I’ve received so many kind, thoughtful messages and comments this week asking how I’m doing, how Bump is coming along and if I’m feeling any better now I’m in the second trimester.
I thought it was probably about time I updated you on how it’s all going!
So here I am, snuggled into a oversized pink velvet arm chair in my hotel room, wrapped in a large robe, watching the leaves fall outside my window and thinking about how different life will be this time next year.
I mentioned my earlier fears in this post and am happy to say that they’ve all but evaporated leaving nothing but excitement. Part of me can’t wait to meet this little person, while the more sensible part is telling me to calm down and enjoy every day as it comes. I want to try and enjoy every bit of our life together as a couple before we become a family, not because I think life is better now, but just because it’s a chapter we can never revisit. I’m not sad about it, but I’m trying to be as present as possible, rather than wishing it away thinking about how excited I am!
The extreme sickness of my first trimester has eased (if you’re suffering from HG at the mo, just know that it will get better). It’s now mostly just nausea that comes in waves, which I’m sure if you’re not pregnant sounds like hell… but trust me, compared to the first couple of months – it’s heaven!

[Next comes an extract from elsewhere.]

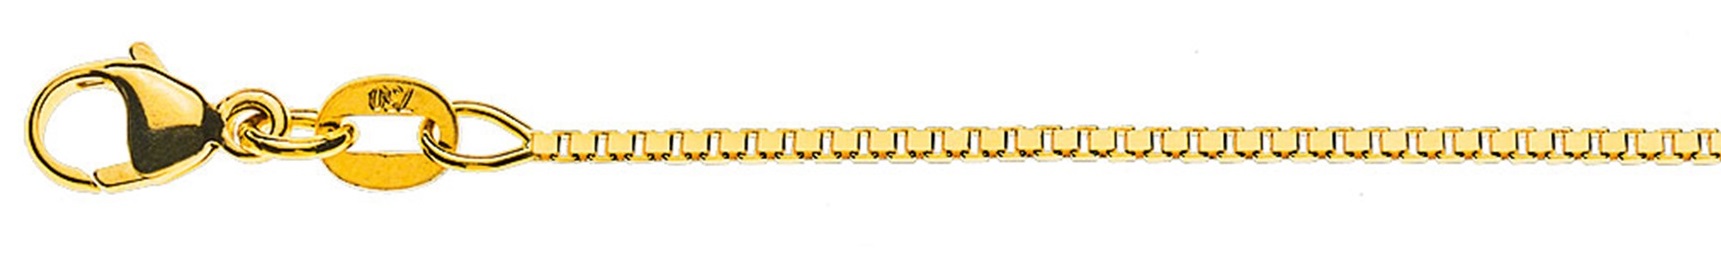 AURONOS Prestige Halskette Gelbgold 18K Venezianerkette diamantiert 38cm 1.1mm

I have to eat before I get out of bed or the sickness comes back with a vengeance, thankfully my generous husband has become a real pro at buttering toast half asleep and bringing it back to bed. A couple of hours later we then have a bigger breakfast together, I have elevenses, followed by lunch, then tea, then supper then midnight snacks. Essentially I am a bottomless pit of hunger! And the hanger is real!

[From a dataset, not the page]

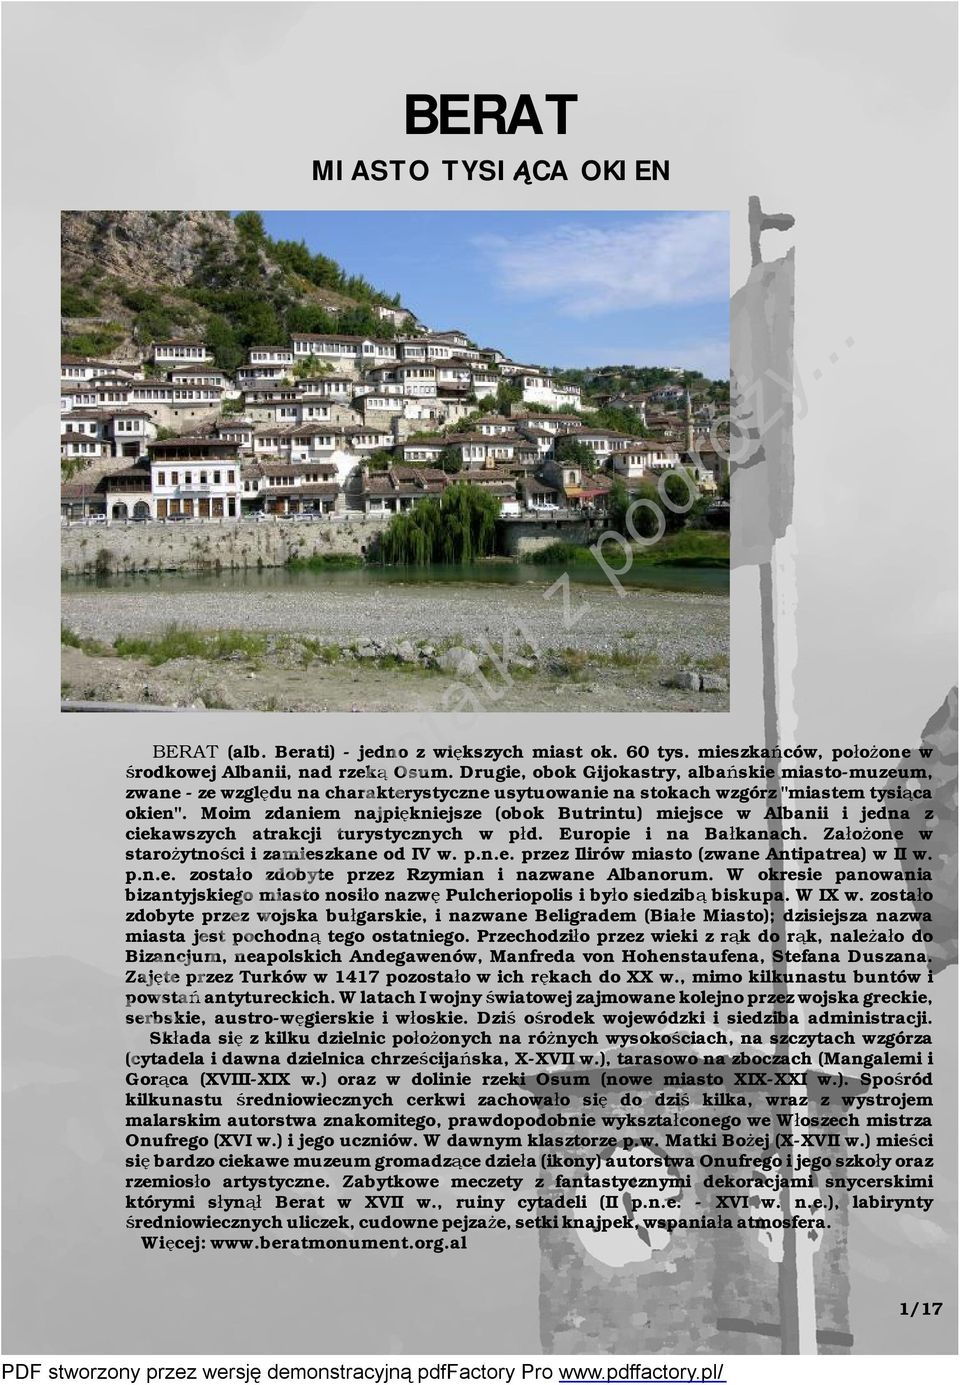 Moim zdaniem najpiękniejsze (obok Butrintu) miejsce w Albanii i jedna z ciekawszych atrakcji turystycznych w płd. Europie i na Bałkanach. Założone w starożytności izamieszkane od IV w. p.n.e. przez Ilirów miasto (zwane Antipatrea) wii w.

Oh and the baby has become just as demanding as I am. Kicking away like a can-can dancer every-time they consider it a meal time! What started out feeling like butterflies quickly turned into army boots, but it’s fun to finally be able to share something so special with loved ones who grin with sheer delight as they feel a foot pressing into the palm of their waiting palm.

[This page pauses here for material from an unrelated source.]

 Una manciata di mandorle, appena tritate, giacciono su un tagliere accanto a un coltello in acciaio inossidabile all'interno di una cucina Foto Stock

We had a scan and finally have a face to put to the wriggling…
Mummy’s nose and Daddy’s lips. How can I already love someone so much when I’ve never even met them?
I’ve bought a few more books on pregnancy, birth and beyond but haven’t actually cracked any of them open yet. As soon as I do I’ll share my recommendations!
For now I’m just trying to take it easy. Spoiling myself and May with a bit of pampering (and eating!) in the countryside. I’m going to spend a couple of days floating in the pool, reading and ordering room service.
Very grateful for my extremely stretchy old “one size fits all” swimsuit!